I left Berkeley in the summer of 1940 to go to Central and South America to see the tropical forests and Andes mountains and to try my hand at plant collecting. Later I served in the War Department in the Panama Canal Zone. Consequently I was isolated from academic botany and biology from 1940 to late 1945. When I returned to Berkeley in early 1946 I found great changes. Stebbins had joined the faculty and had introduced a new course in evolution in about 1941 or 1942. The botany and genetics faculties were collaborating on interdisciplinary studies in plant evolution. The paradigm of the synthetic theory had spread in Berkeley and elsewhere. This was a case of introgression from one paradigm into another.
Now a fourth paradigm has moved to center stage. This is the paradigm of cladistics, particularly molecular cladistics. Its center of focus is branching phylogeny and the construction of trees. It exists side by side with the older synthetic theory, which continues to be focused on evolutionary processes in populations and population systems.
The synthetic theory is still valid. Breeding populations still exist. So do reproductively isolated population systems, or biological species. Various modes of speciation are known. Various patterns of evolution of groups at levels above species are known.

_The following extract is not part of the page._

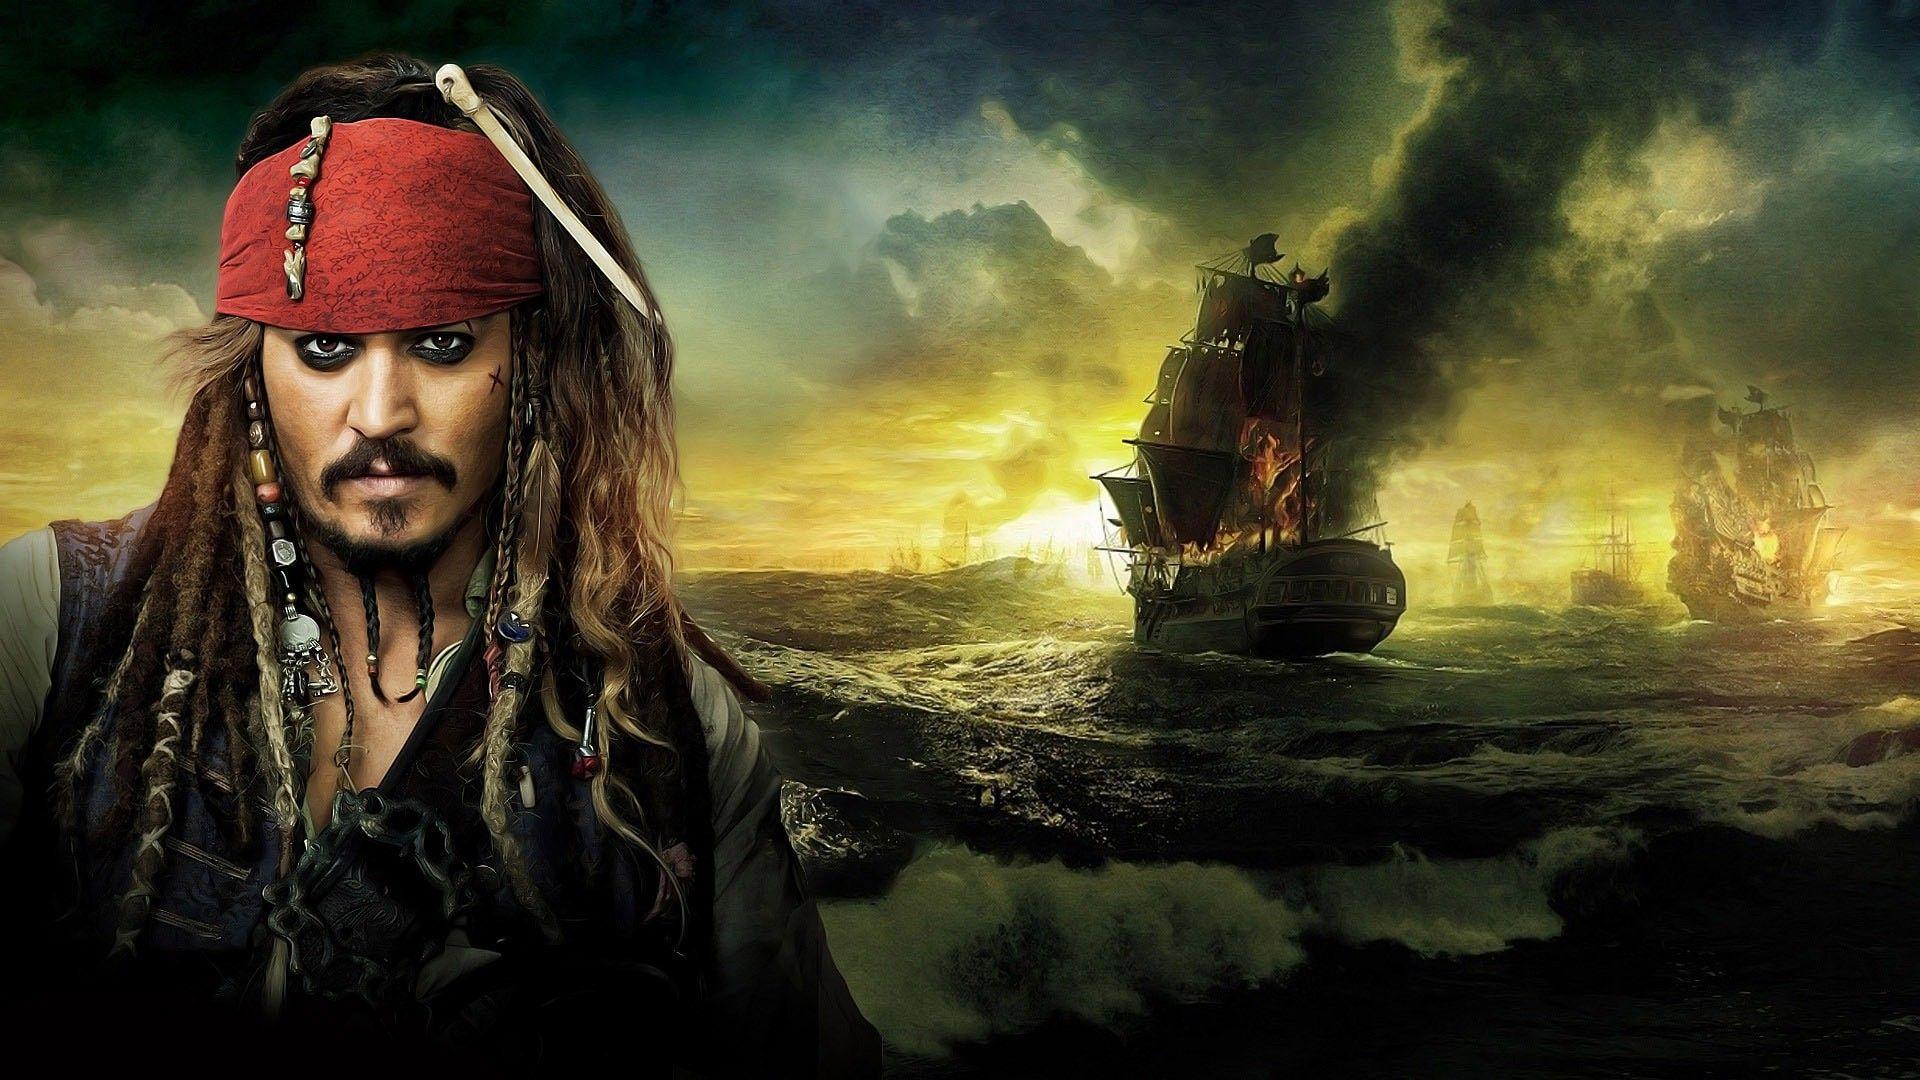 Pirates Of The Caribbean Dead Men Tell No Tales Desktop Wallpaper
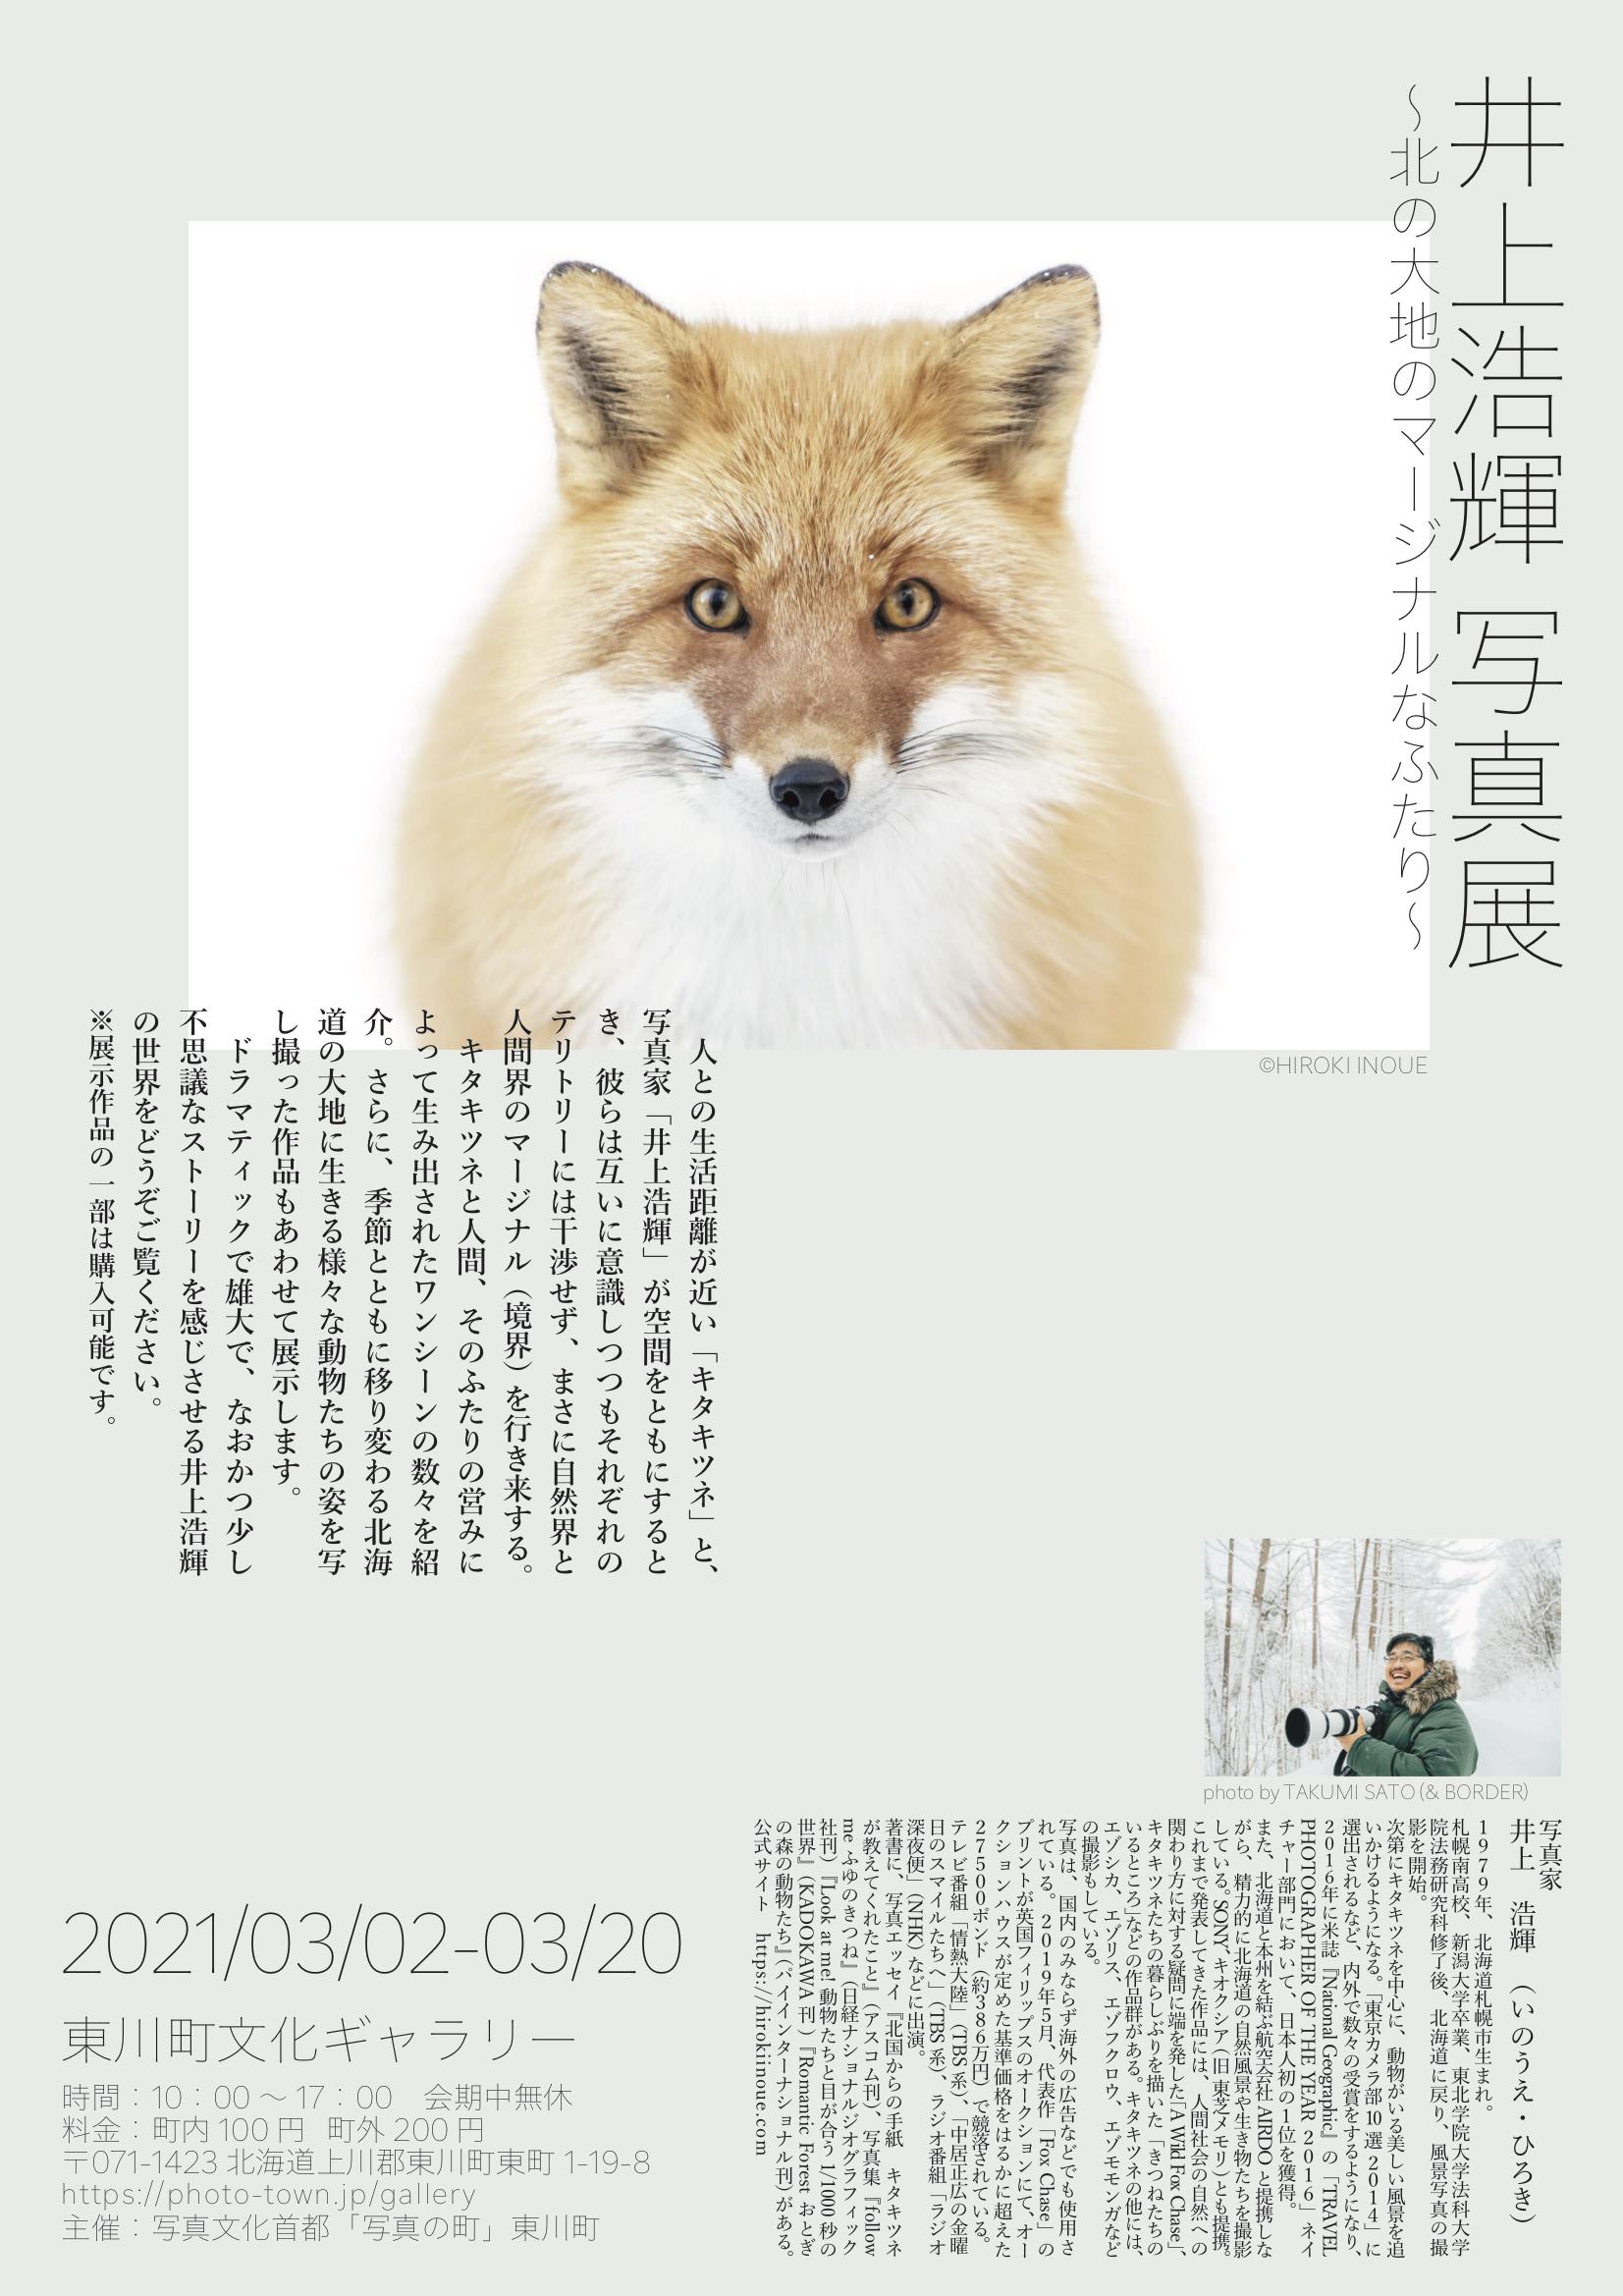 井上浩輝写真展「〜北の大地のマージナルなふたり〜」

So we have two paradigms dealing with evolution now. The interaction between them takes various forms. Sometimes they don’t interact. Many cladists practice cladistics as a self-sufficient system, with, for example, its own vocabulary and its own special definition of monophyly and other terms.
However, some exchange of ideas between the paradigms has taken place. Cladistics now accepts, in principle at least, nondichotomous branching brought about by two common modes of speciation – hybrid speciation and quantum or peripatric speciation. Conversely, molecular cladistic evidence now permeates evolutionary biological research. These exchanges have little effect if any on the core philosophies of the two paradigms, which remain distinct.
The two paradigms are far apart in the area of minor systematics. Speciation studies and taxonomy have long had beneficial effects on one another. Together they have engendered the early versions of the biological species concept and the geographical theory of speciation in the 1890s and early 1900s (Jordan, 1896, 1905; Rothschild & Jordan, 1903; Poulton, 1908; see Grant, 1994), and the mode of quantum or peripatric speciation in the 1950s (Mayr, 1954). On the other hand, cladistics and taxonomy have a history of rivalry. Cladistics was originally designed (Hennig, 1950) and is often presented (e.g. Moritz & Hillis, 1996; Judd et al., 1999) as a method to replace traditional taxonomy. However, cladistics deals with hierarchies of branch lines; has no criteria for distinguishing between divergence at the species level and at the racial level or level of species group; and is not concerned with the forces that drive these divergences. Cladistics is not designed for studies of speciation as a process.
Nevertheless, there is a bridge between the two paradigms. It involves the molecular evidence. Cladistics has been in the forefront in using this extremely valuable line of evidence. Good results can be obtained by taking up molecular cladograms, but not necessarily the cladistic interpretations of them, and fitting the cladograms into the new-Darwinian framework of plant speciation studies. This is known as recombination.
I wish to express my appreciation to Loren H. Rieseberg and Jonathan F. Wendel for organizing the symposium ‘Plant Speciation’ in 2003, to Loren H. Rieseberg and Karen A. Grant for help with the manuscript, and to Billie L. Turner for presenting the ideas outlined here at the symposium. It is a great pleasure to see so many younger workers going on with the study of plant speciation.